Join Us Wednesday, May 28
  • EUR/USD faces selling pressure above 1.1400 as the US Dollar rebounds on increased hopes of a quick bilateral trade deal between the US and the EU.
  • European officials asked domestic companies to provide details on US investment proposals.
  • Inflation in France cools down in May, potentially increasing the odds of interest rate cuts in June.

EUR/USD trades lower to near 1.1350 during North American trading hours on Tuesday after correcting from the monthly high of 1.1425 posted the previous day. The major currency pair faces selling pressure as the US Dollar (USD) strengthens on signs of quick progress in trade talks between the United States (US) and the European Union (EU).

The US Dollar Index (DXY), which tracks the Greenback’s value against six major currencies, claws back its initial losses and rises 0.4% to near 99.35.

During North American trading hours, comments from US President Donald Trump in a post on Truth.Social indicated that the EU is speeding up the process towards reaching a trade deal with them.

“I was extremely satisfied with the 50% Tariff allotment on the European Union, especially since they were “slow walking”. I have just been informed that the EU has called to quickly establish meeting dates. This is a positive event, and I hope that they will,” Trump wrote.
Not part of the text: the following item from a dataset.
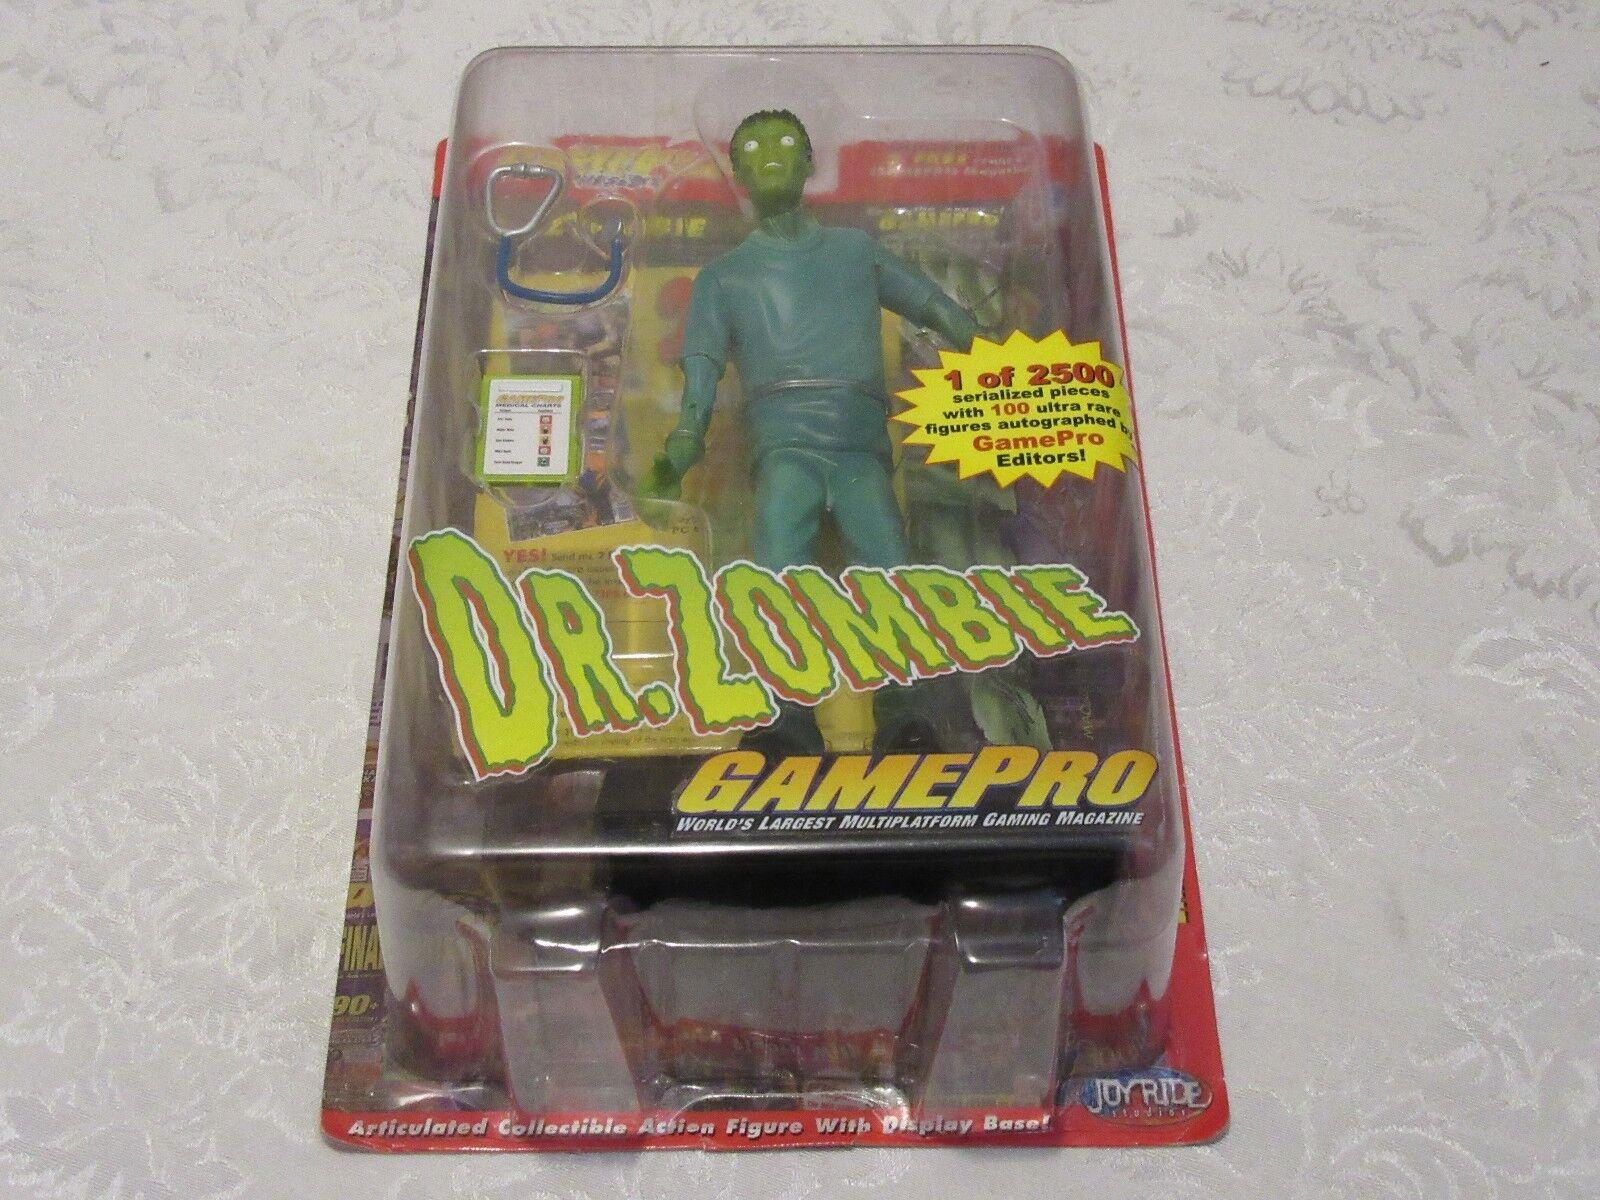 Joyride Studios GamePro Presents Dr Doctor Zombie Series 2 Action Figure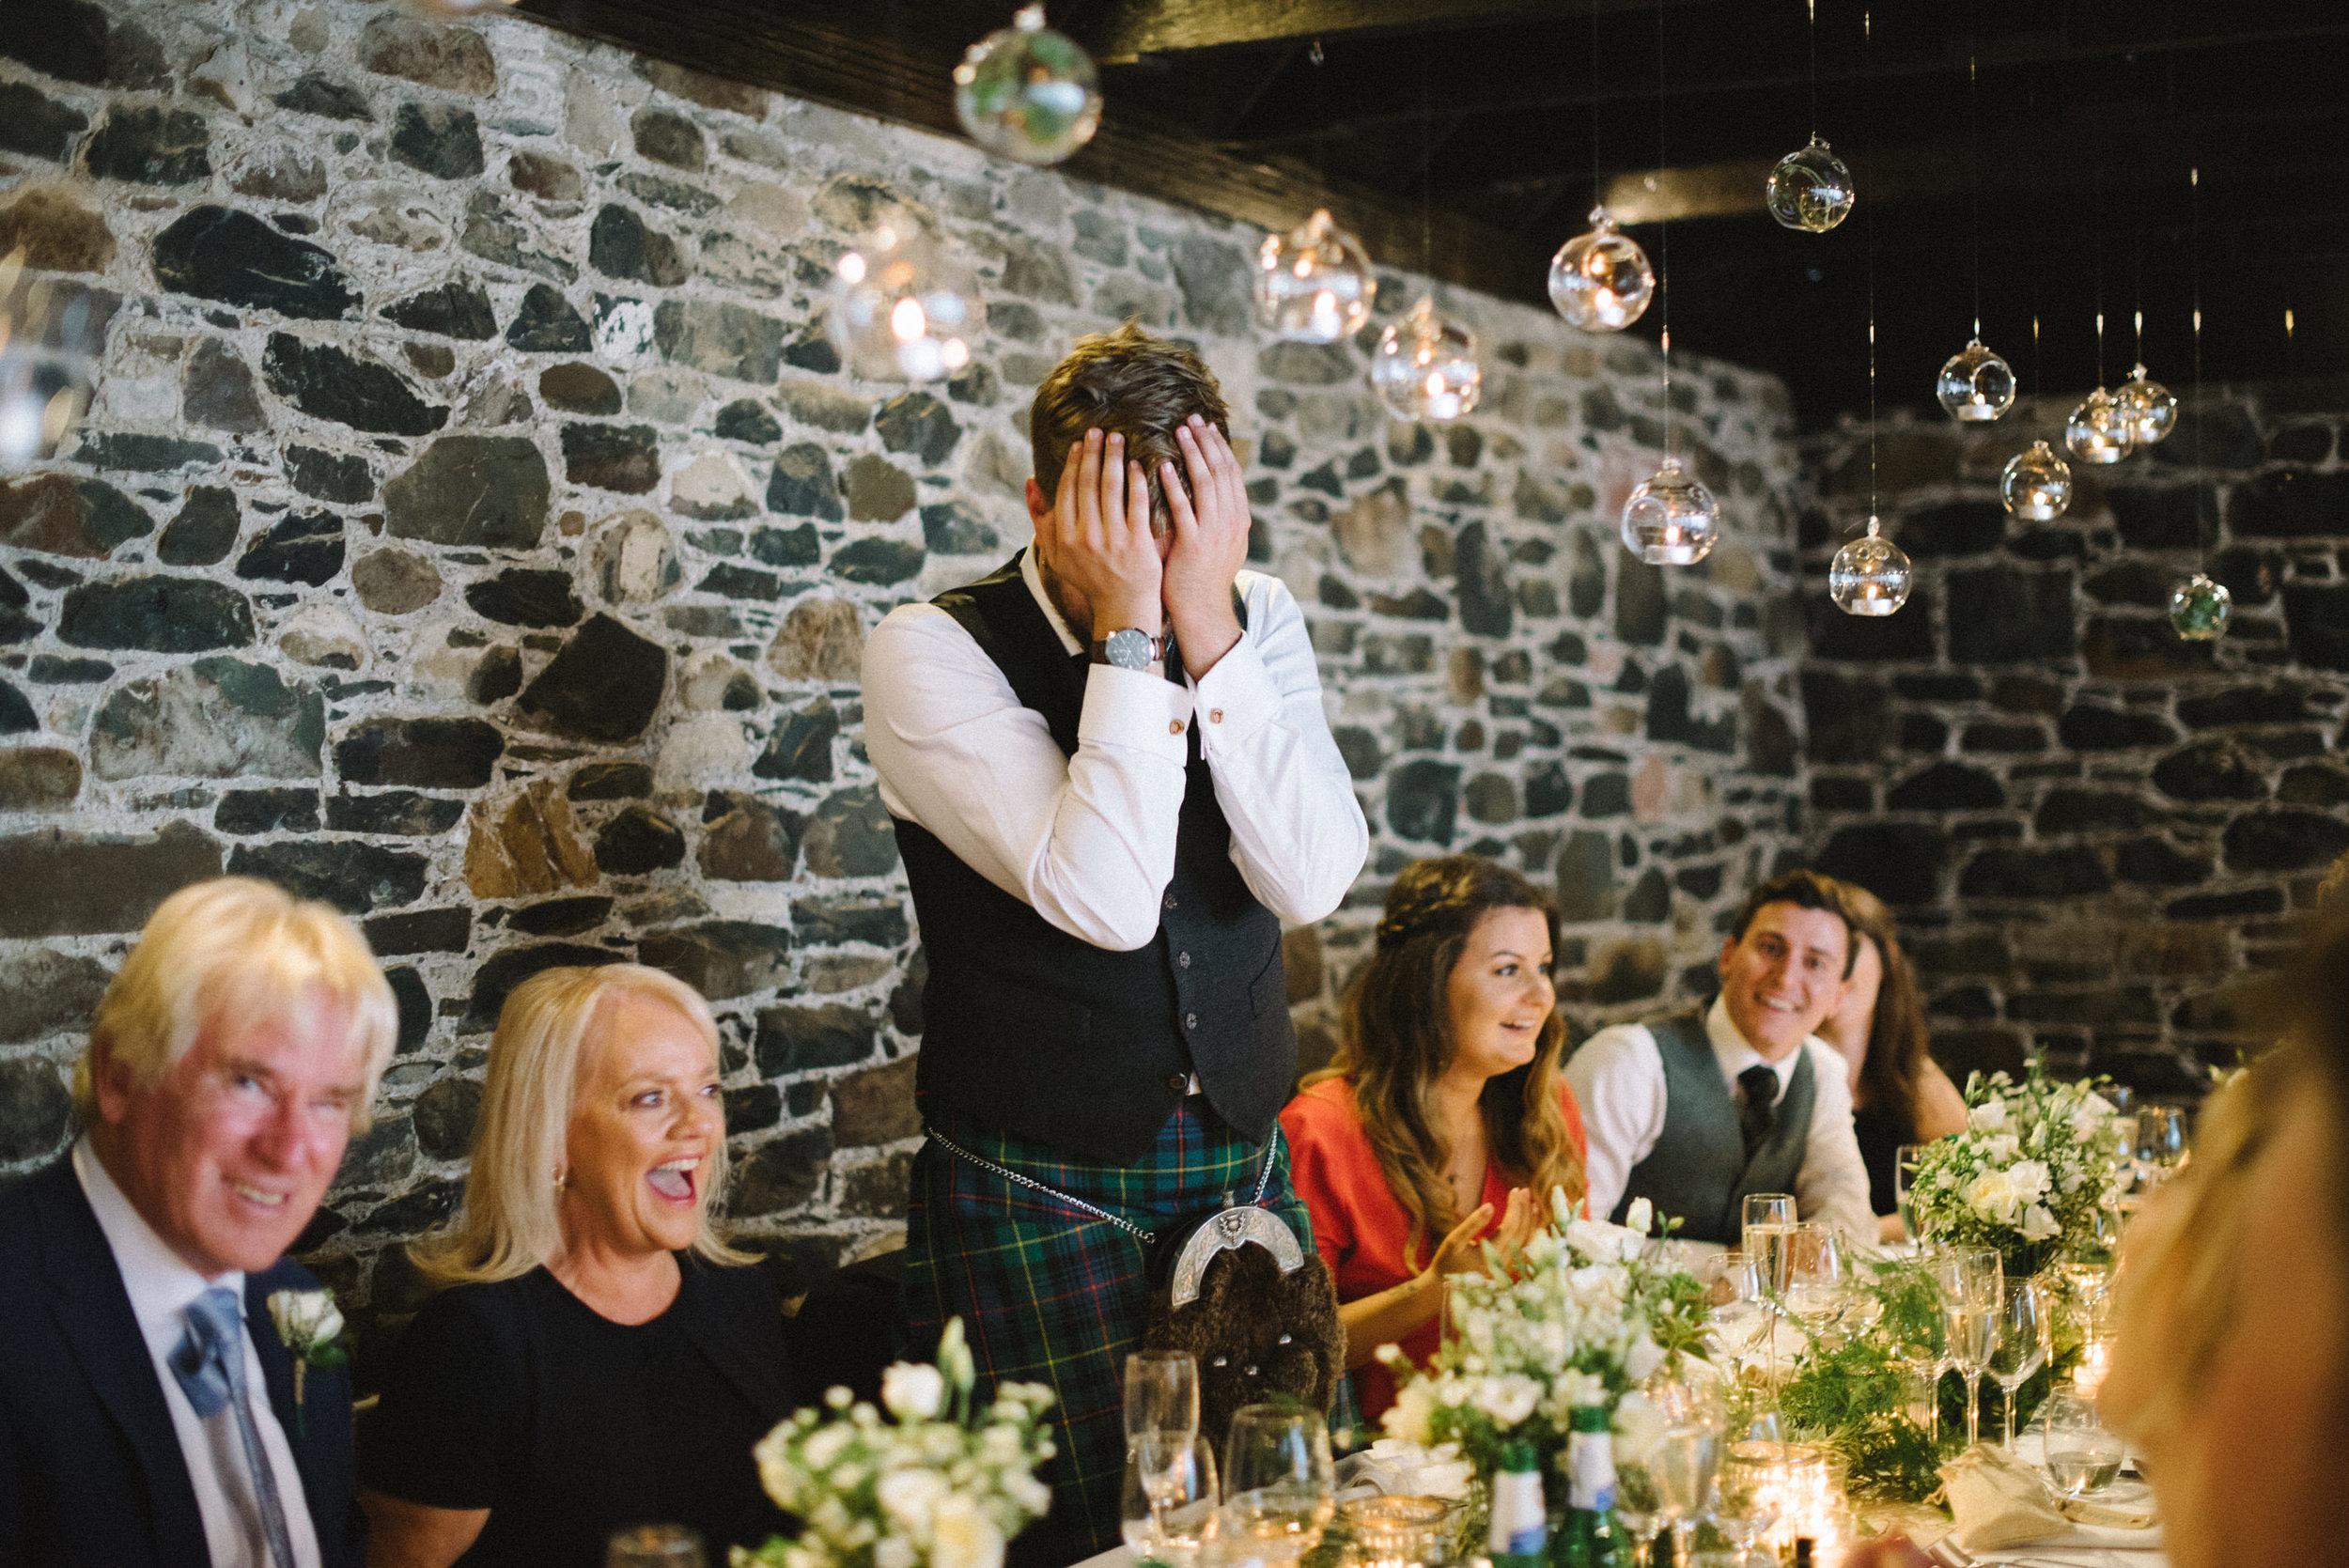 0199-LISA-DEVINE-PHOTOGRAPHY-ALTERNATIVE-WEDDING-PHOTOGRAPHY-SCOTLAND-DESTINATION-WEDDINGS-GLASGOW-WEDDINGS-COOL-WEDDINGS-STYLISH-WEDDINGS.JPG

Earlier in the day, EU officials asked domestic business owners to submit their US investment plans, Reuters reported, a move that reflected significant efforts from the old continent to speed up the formation of a trade proposal. 

The de-escalation in trade tensions between the EU and the US stemmed from US President Trump postponing proposed 50% tariffs on the trading bloc until July 9, following a “good phone call” with European Commission President Ursula von der Leyen over the weekend. Ursula assured quick trade negotiations, urged for some time to reach a good deal.

On the domestic front, the US Durable Goods Orders data has declined by 6.3% in April after expanding at a robust pace of 7.6% in March, downwardly revised from 9.2%. Economists expected the cost of fresh orders for durable goods to have declined at a faster pace of 7.9%.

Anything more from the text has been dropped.